Вход/Регистрация
В стенах города. Пять феррарских историй
вернуться

Бассани Джорджо

Шрифт:

Гораздо больше, чем о политике, он любил говорить о другом. Например, о литературе.

Вам нравится Виктор Гюго? — спрашивал он. Непревзойденная книга, «Девяносто третий год»! А «Отверженные»? А «Человек, который смеется»? А «Труженики моря»? В Италии девятнадцатого века, хотя и не на таком высоком уровне, только Франческо Доменико Гуэррацци сумел сделать нечто подобное в плане романов. И все же в целом итальянская литература с точки зрения пролетария — полная катастрофа, особенно если учитывать уровень образования, на который может рассчитывать пролетарий в нашей стране! Среди поэтов, если как следует присмотреться, останется один Данте, «величайший в мире поэт». Те, кто были после него, писали не длянарода, а длягоспод, всегда. Петрарка, Ариосто, Тассо, Альфьери (да, и Альфьери тоже!), Фосколо: все это — для элиты. Что же до «Обрученных» [33] , то от него слишком разит ладаном, он чересчур реакционен! Нет уж если кто-то желает прочесть нечто достойное — скромное, но достойное, — надо перескочить до самого Кардуччи с его «Любовной песнью», до Стеккетти с его социальными филиппиками.
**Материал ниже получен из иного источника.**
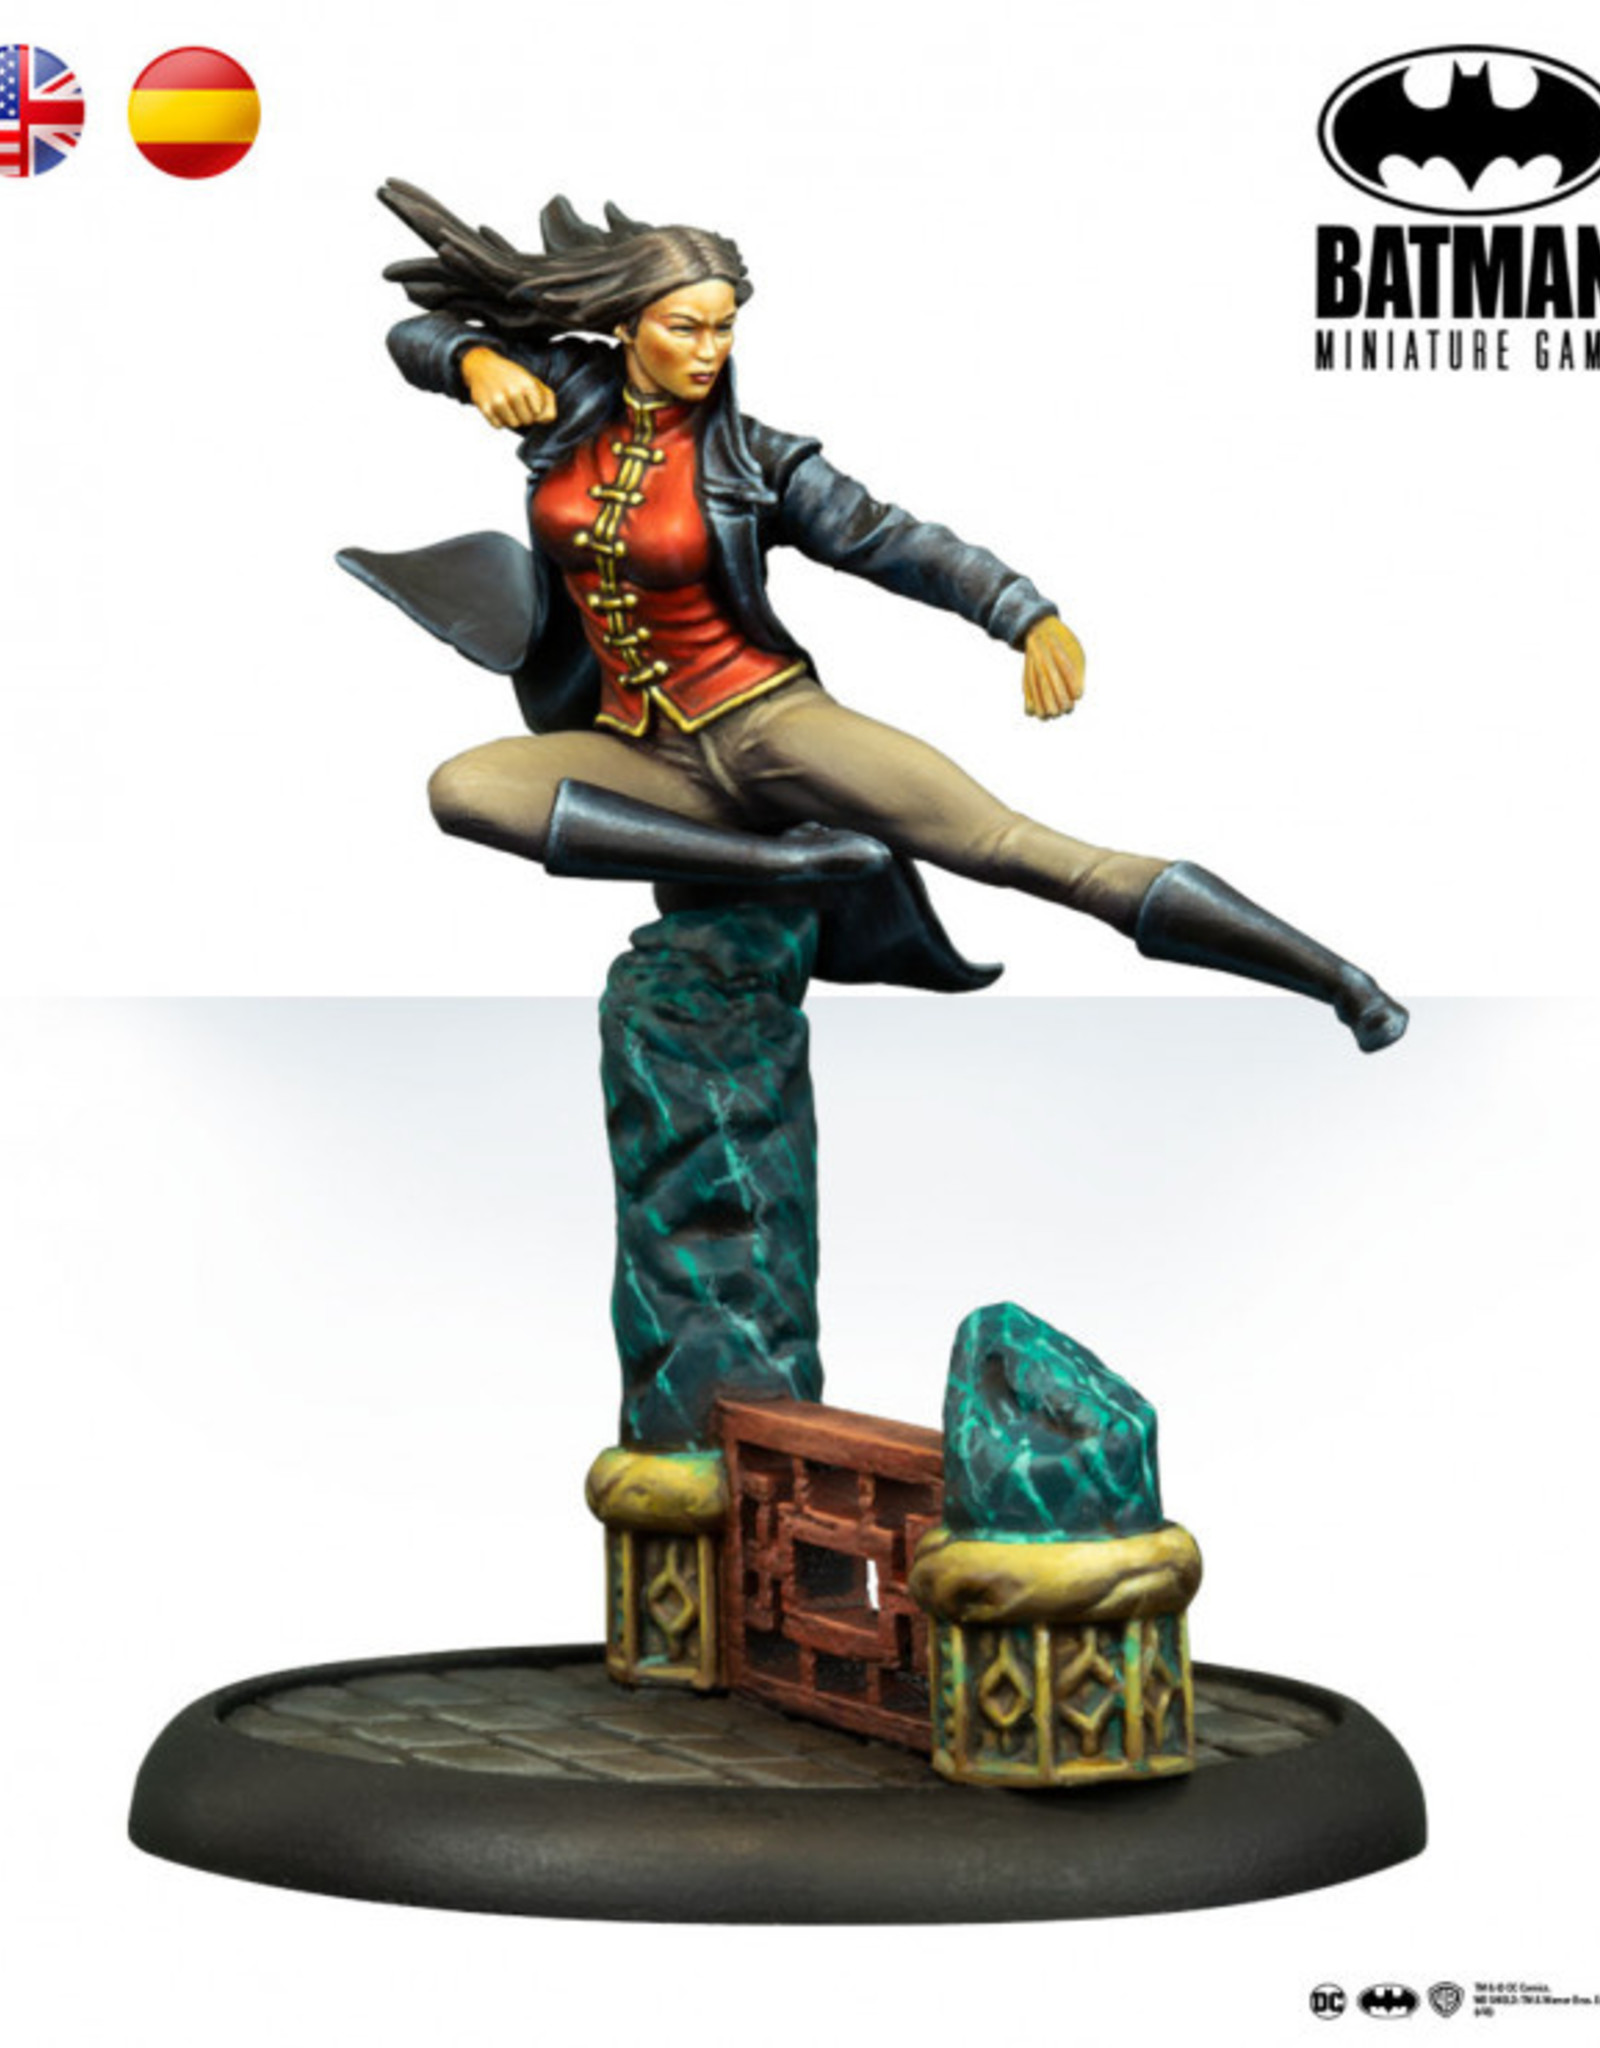 Batman Miniature Game: Lady Shiva

Да, кстати: сейчас, в двадцатом веке, если не считать «этого дегенерата д’Аннунцио», если не считать Пасколи, как на самом деле обстоят дела у нас в литературе? У него, к сожалению, недостаточно времени, чтобы быть в курсе: городская библиотека, закрывающаяся в семь, не позволяет ни одному трудящемуся, даже свободному, как он, от семейных обязанностей, воспользоваться вечерними часами этого общественного учреждения. А с молодым синьором Бруно все обстоит иначе. Хотя и он, будучи евреем, не может больше посещать городскую библиотеку, тем не менее он преподает в еврейской средней школе на улице Виньятальята и тем самым, хотя еще и не окончил университета, может, несомненно, считать себя преподавателем. Так вот, он, молодой синьор Бруно, такой образованный, несомненно, осведомленный о последних новостях, полагает ли он, что теперь в Италии еще есть хорошие писатели?

33

Роман Алессандро Мандзони.

Неожиданно охваченный глубоким чувством бесполезности, своего рода бессилия, Бруно молчал.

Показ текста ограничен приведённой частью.